The company said yesterday that it would trim its work force, largely in the agricultural chemical business. It also said that it would exit the European breeding and seed business for wheat and barley, though it will continue to develop genetically engineered wheat resistant to its Roundup herbicide.

It announced a loss for its fourth quarter of $188 million, or 72 cents a share, largely because of a settlement of a lawsuit tied to decades-old pollution in Alabama. Revenue rose 10 percent, to $1.31 billion.
2.125 jobs hinge on Monsanto's ability to sell Cambridge site
Public mistrust of genetically modified food is at the root of Monsanto's decision to sell its Cambridge cereal seed operation, putting 125 jobs in jeopardy.
Business Weekly, 17 October 2003

Public mistrust of genetically modified food is at the root of Monsanto's decision to sell its Cambridge cereal seed operation, putting 125 jobs in jeopardy.

US-based GM specialist, Monsanto said that the growth expected to come from the introduction of hybrid wheat seeds, one of the principal reasons for the purchase of the business from Unilever in 1998, had failed to materialise.

The company announced that it would begin immediately seeking a buyer for all or parts of its cereal seed business.

The largest public debate ever conducted in Britain revealed widespread misgivings about GM crops last month. Hundreds of meetings were staged around the country and about 37,000 people responded to questionnaires, with well over half saying they never wanted to see GM crops grown in the UK.

Results of the Government's farm-scale evaluation of GM crops were close to being announced at the time of going to press, with a mixed verdict on the technology anticipated. It is still far from certain that the Government will allow them to be grown.

"Nonetheless, we've made great progress over the past few years in realigning the cereals business to make it more competitive in a much tougher European seed market," said Jeff Cox, Monsanto UK's general manager.

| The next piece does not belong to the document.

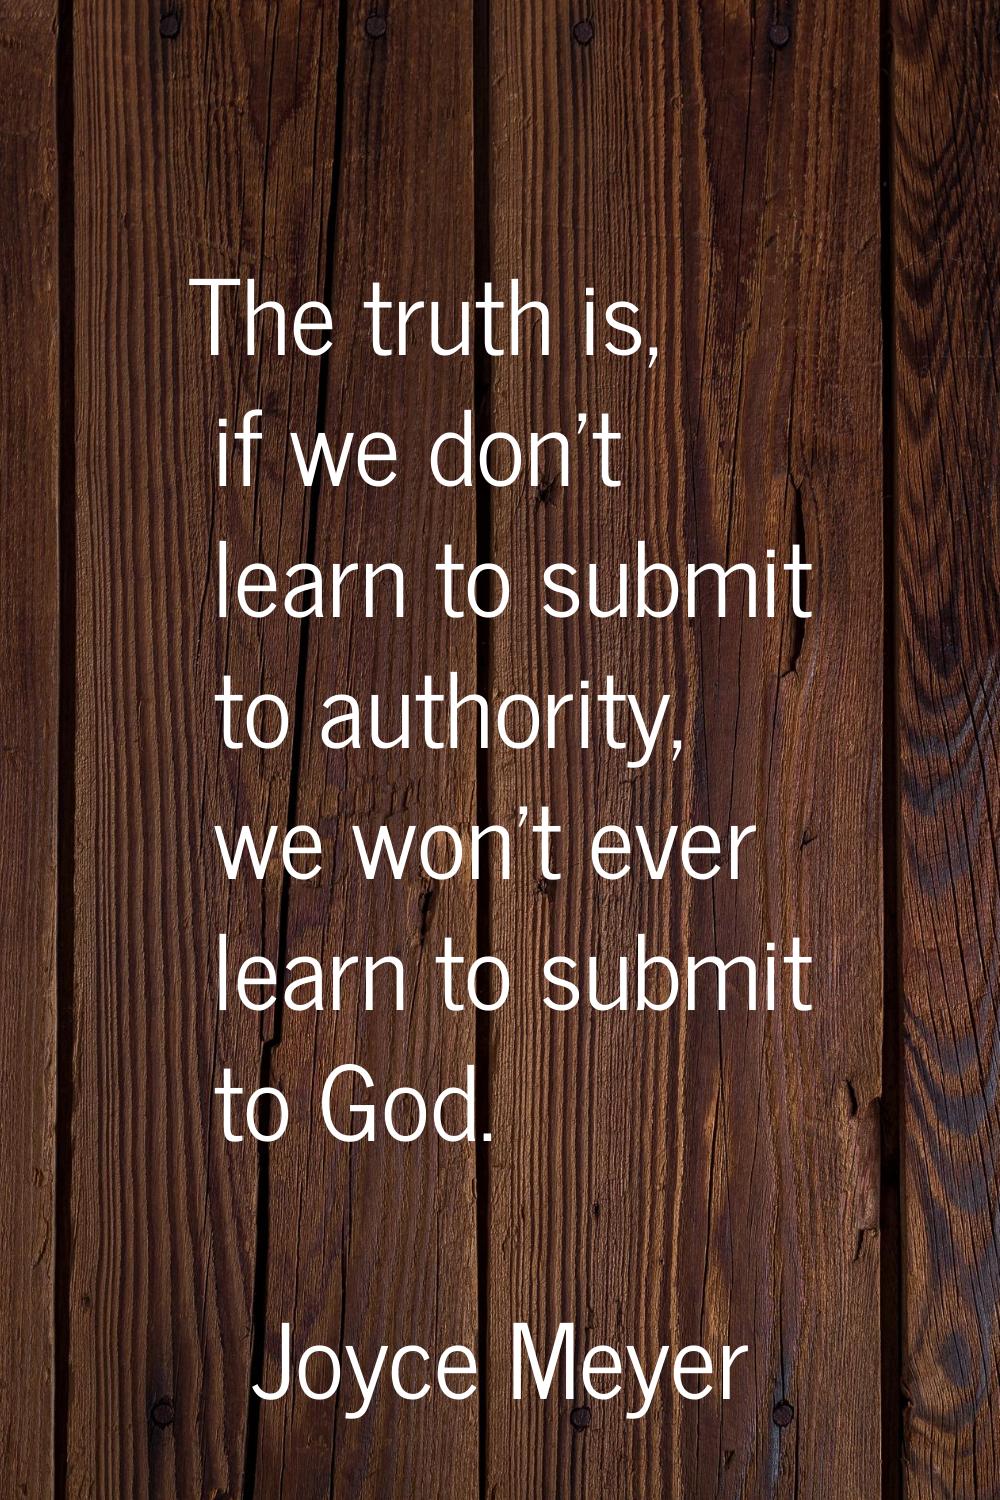 The truth is, if we don't learn to submit to authority, we won't ever learn to submit to God.
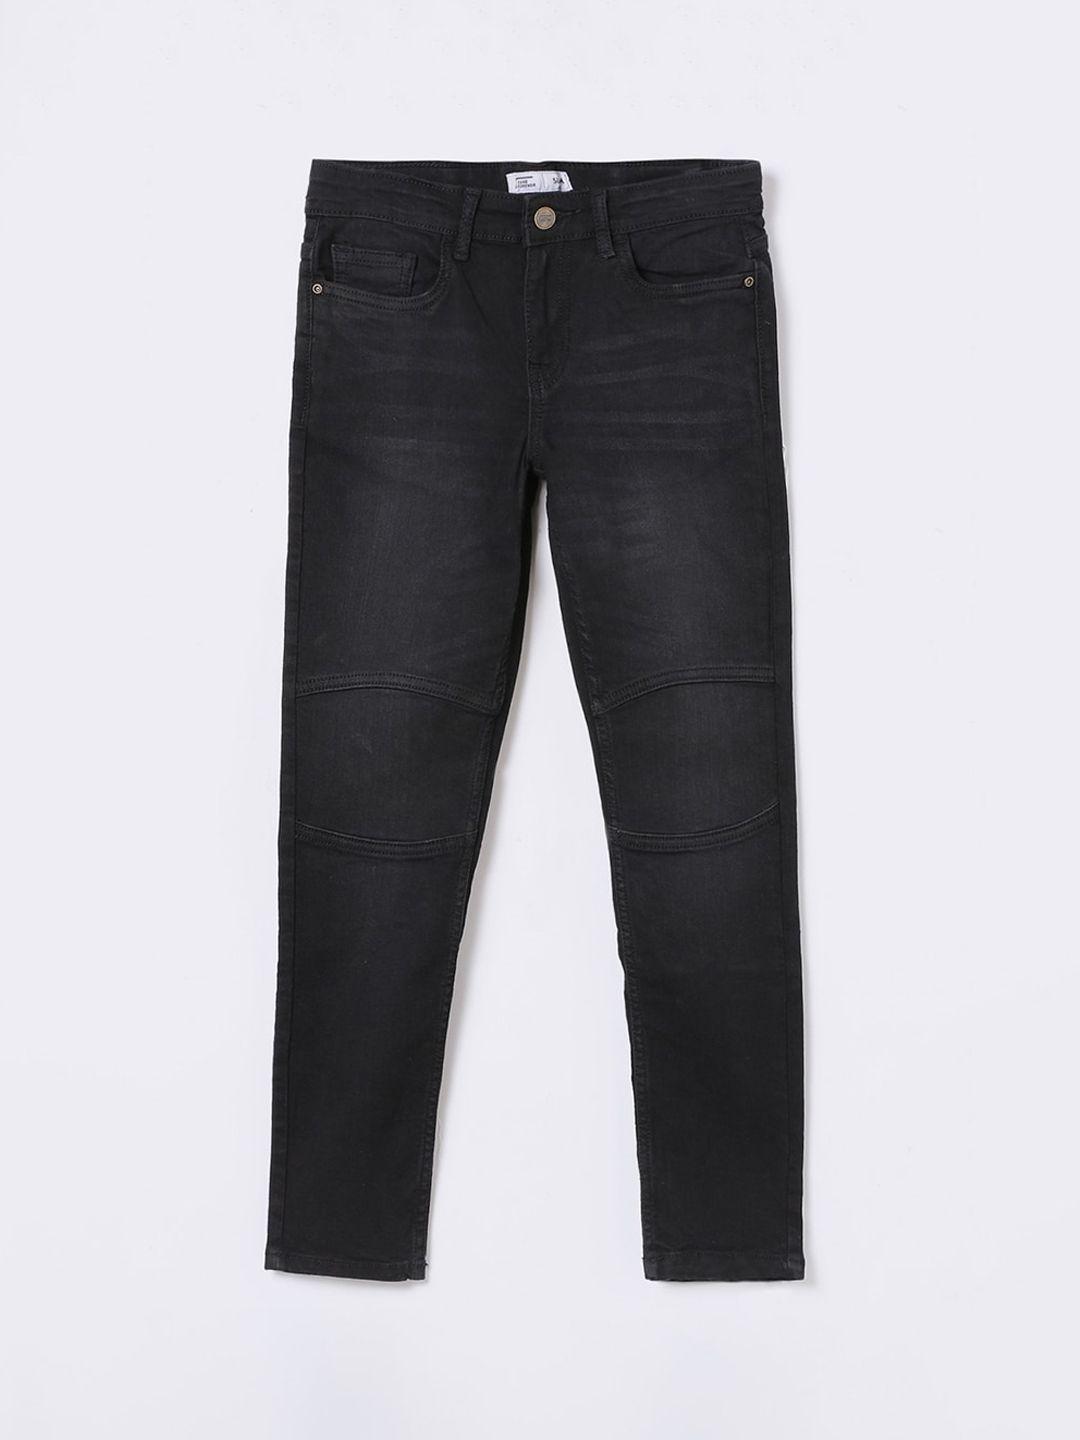 fame-forever-by-lifestyle-boys-light-fade-stretchable-cotton-jeans

"While our lack of success in hybrids means this is no longer a good strategic fit for Monsanto, the changes we've made could make it a great addition to another company's portfolio."

In addition to the Cambridge site, also affected are breeding stations in France, Germany and the Czech Republic. The cereal seed business is supported by sales, marketing, product development and seed production operations in the UK, and operates through agencies in major European markets.

Monsanto said it had entered into a collective consultation process with trade unions, employee representatives and all affected staff.

Proposals were also announced to reorganise Monsanto's Northern European Region crop protection and oilseed rape business. The intention is for this business to move to another location in the Cambridge area.